### WHAT THE TASK ASKS
Nothing but the lines below from the one containing "Green August birthstone chain bracelet" through the one containing "British week" should appear in the answer, exact and without pictures.

### DATA SUPPLIED
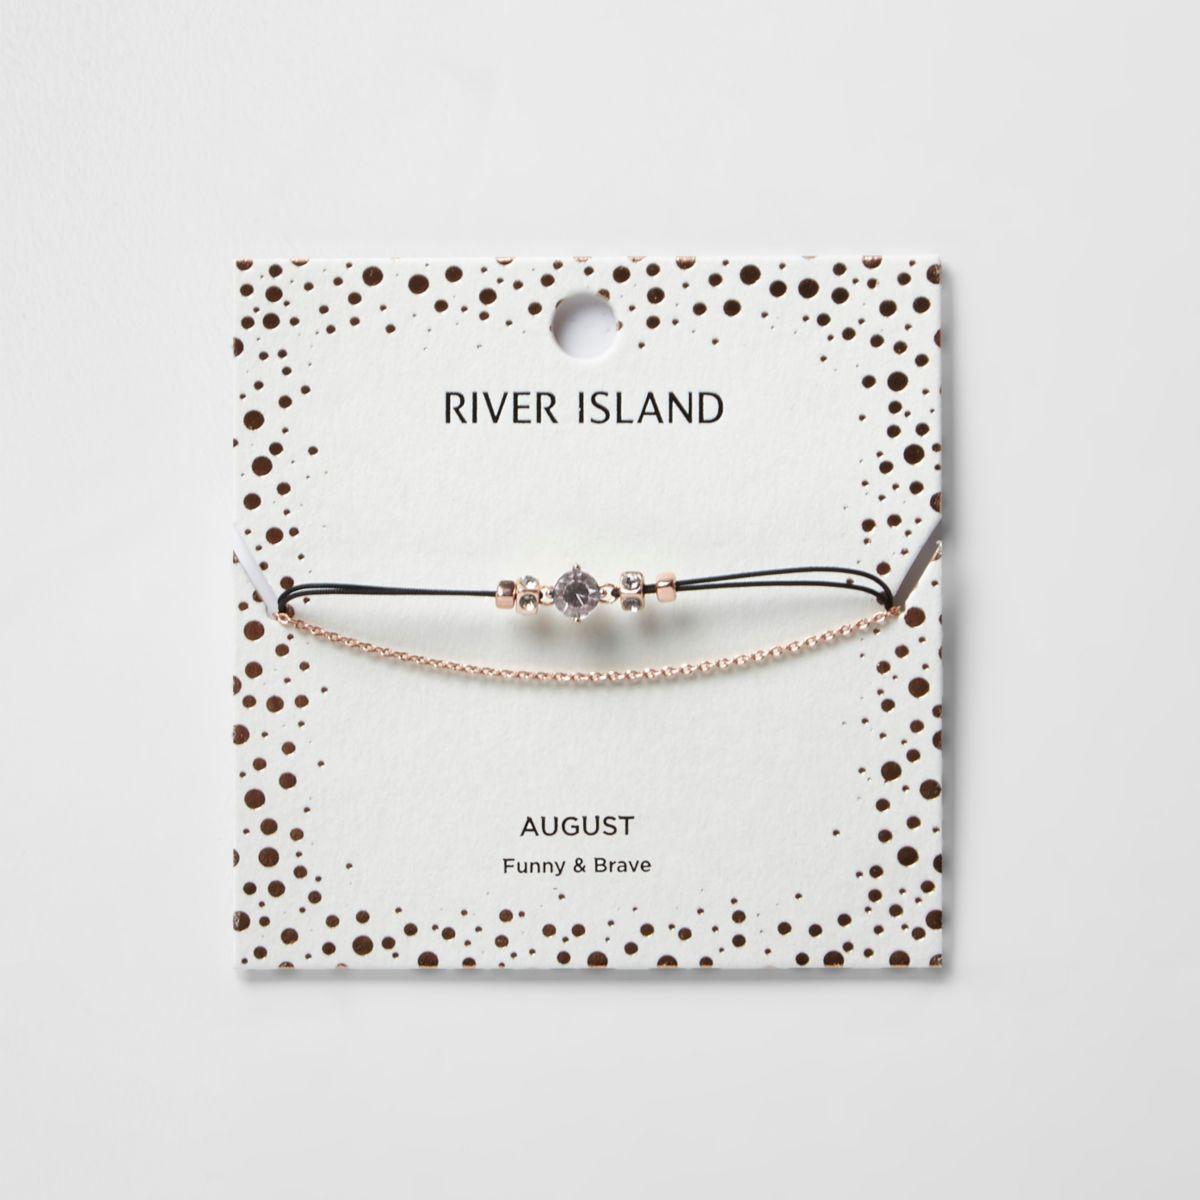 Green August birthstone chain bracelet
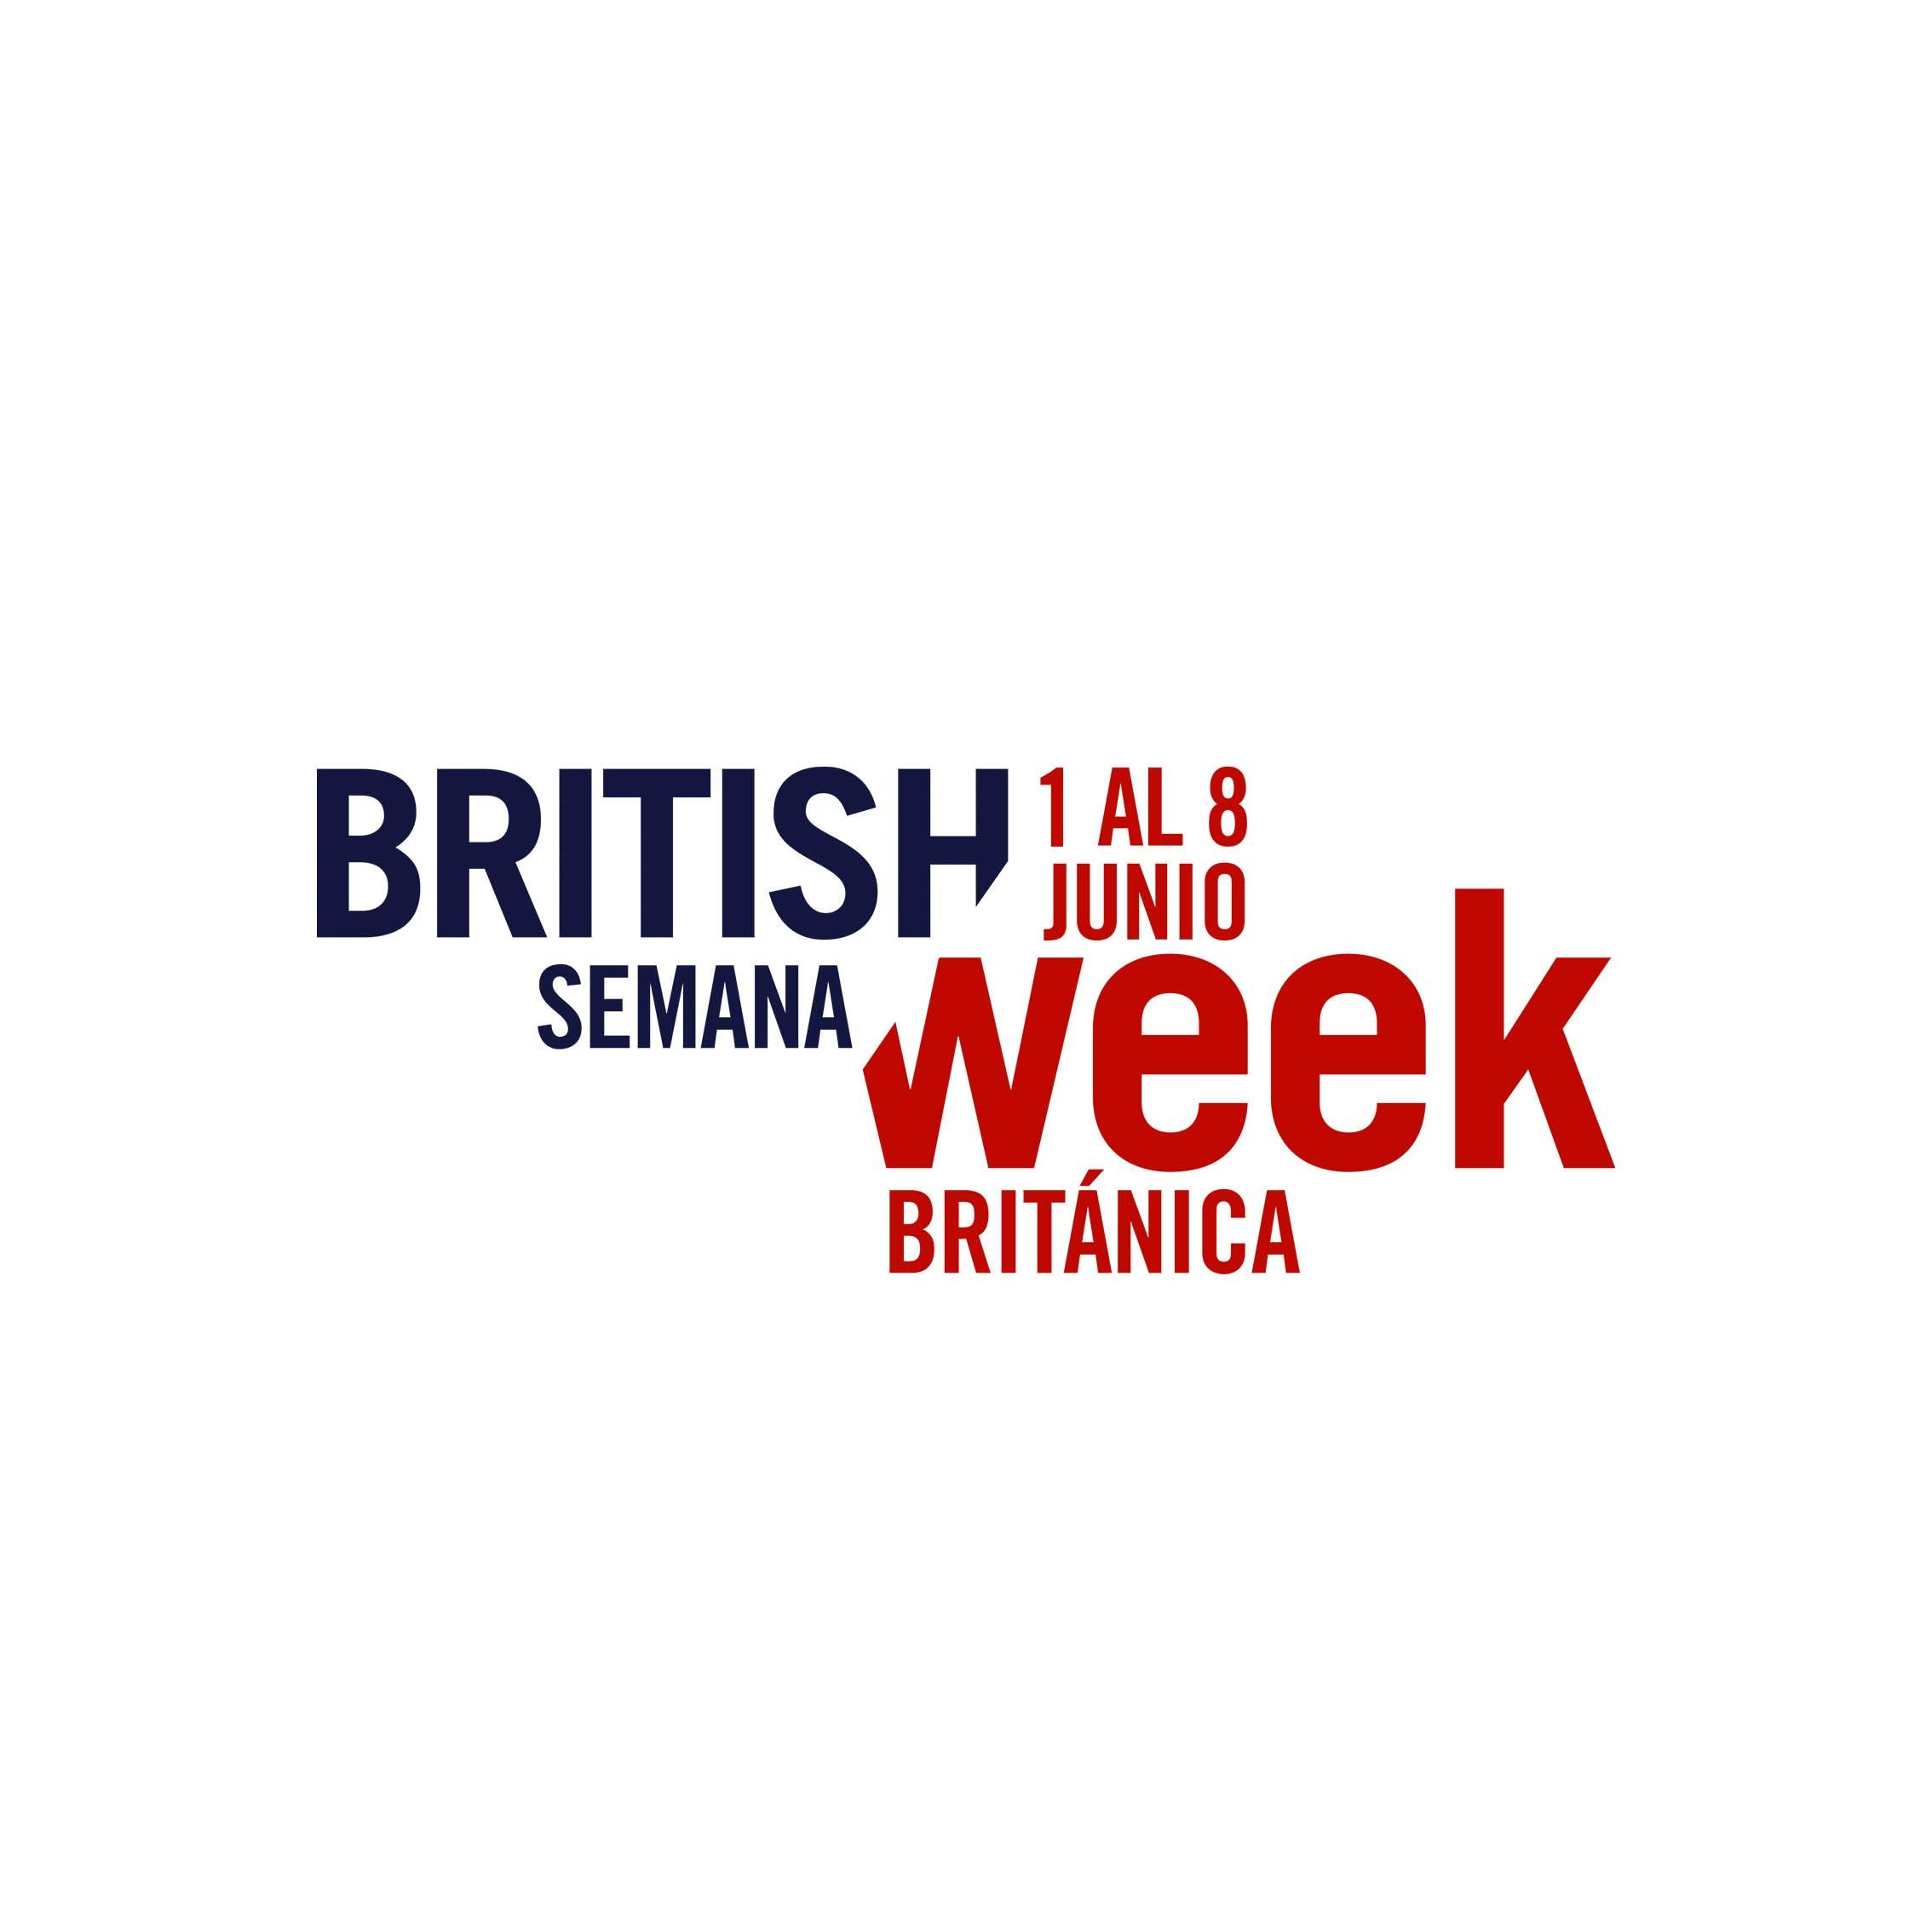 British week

---

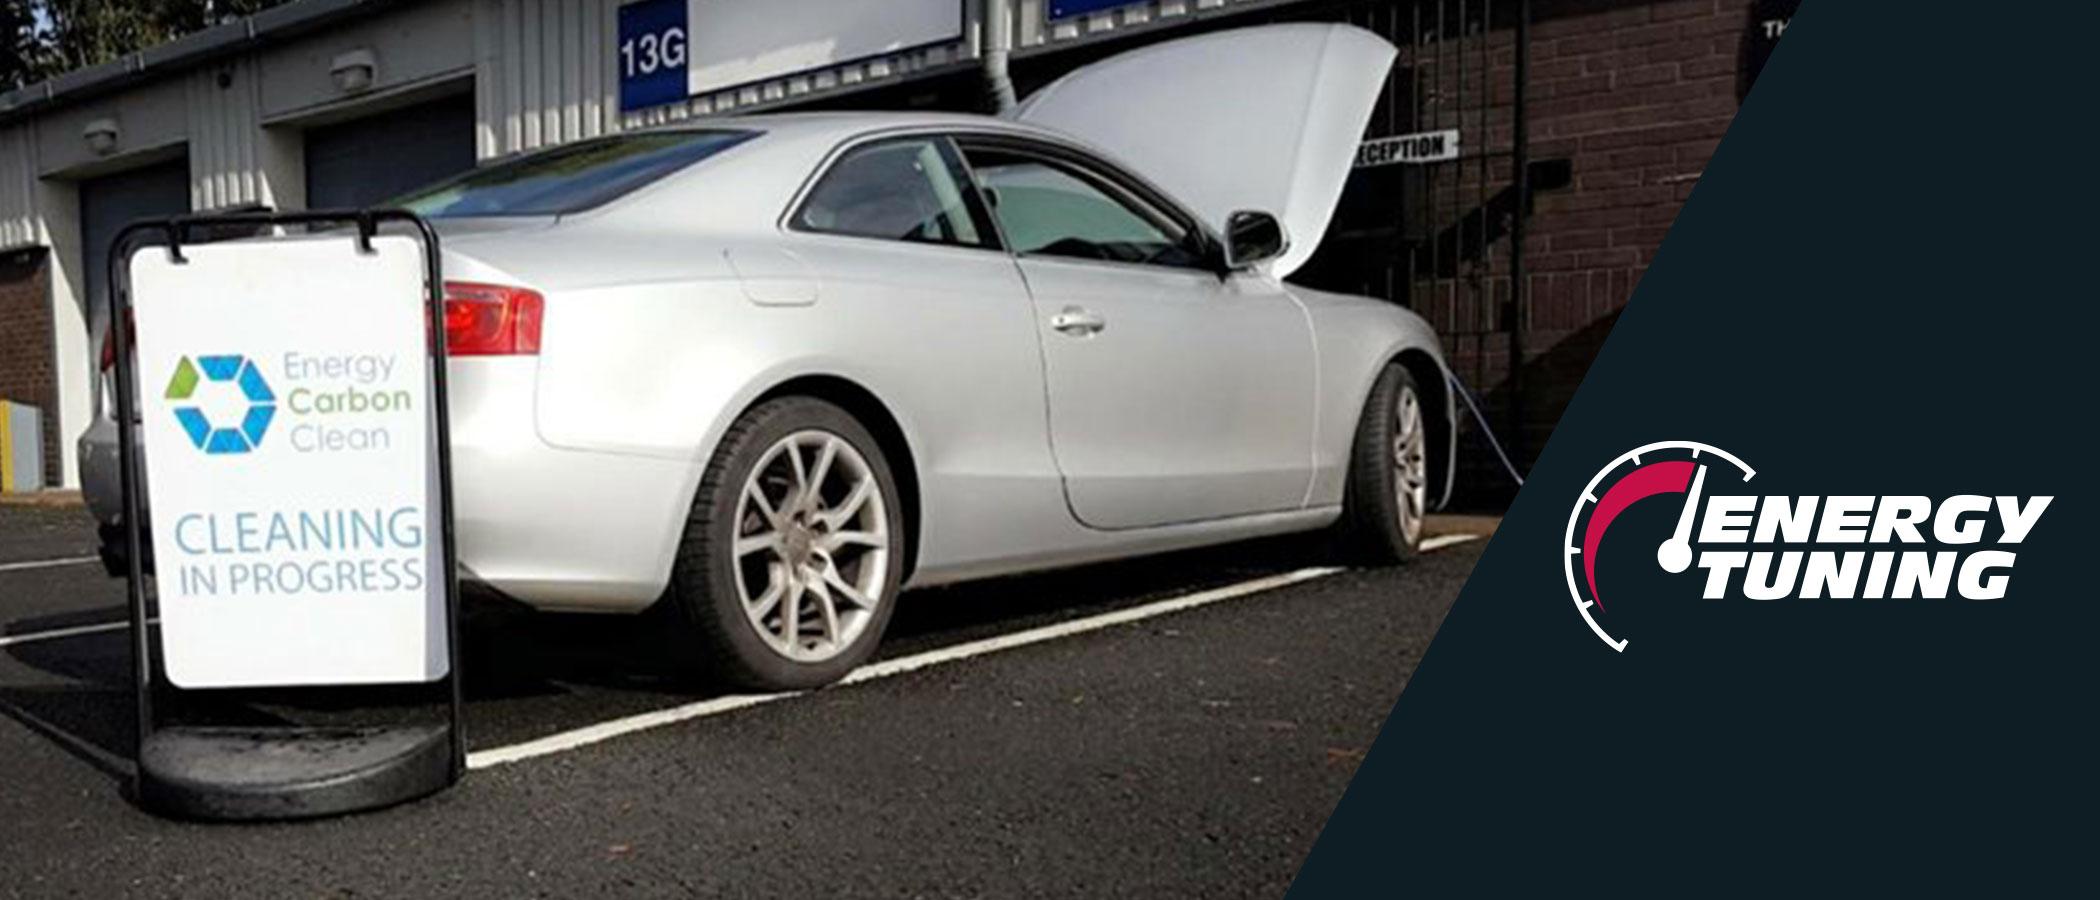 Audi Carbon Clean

--

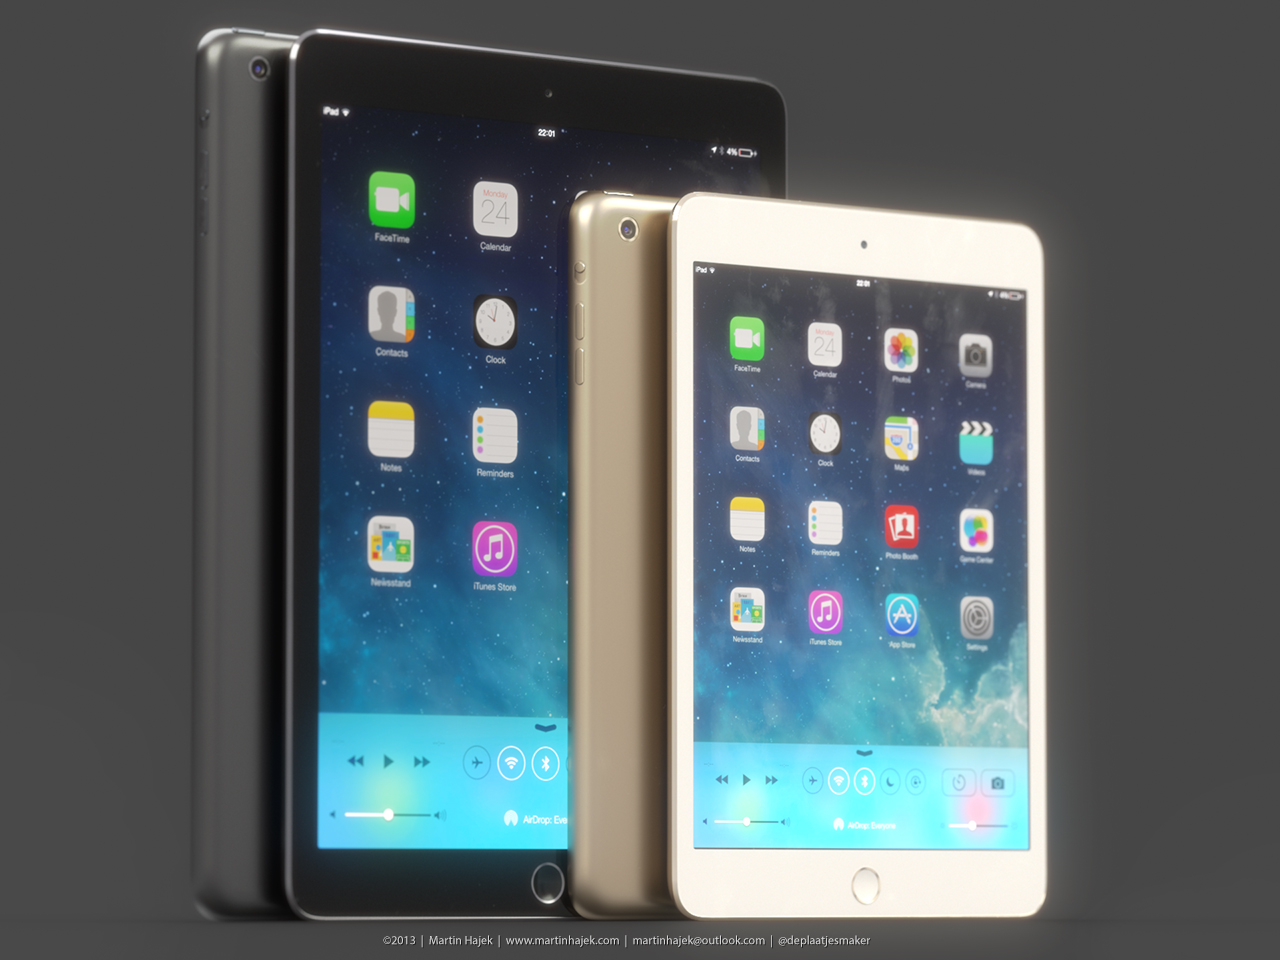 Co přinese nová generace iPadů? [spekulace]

### RESPONSE
 Green August birthstone chain bracelet
 British week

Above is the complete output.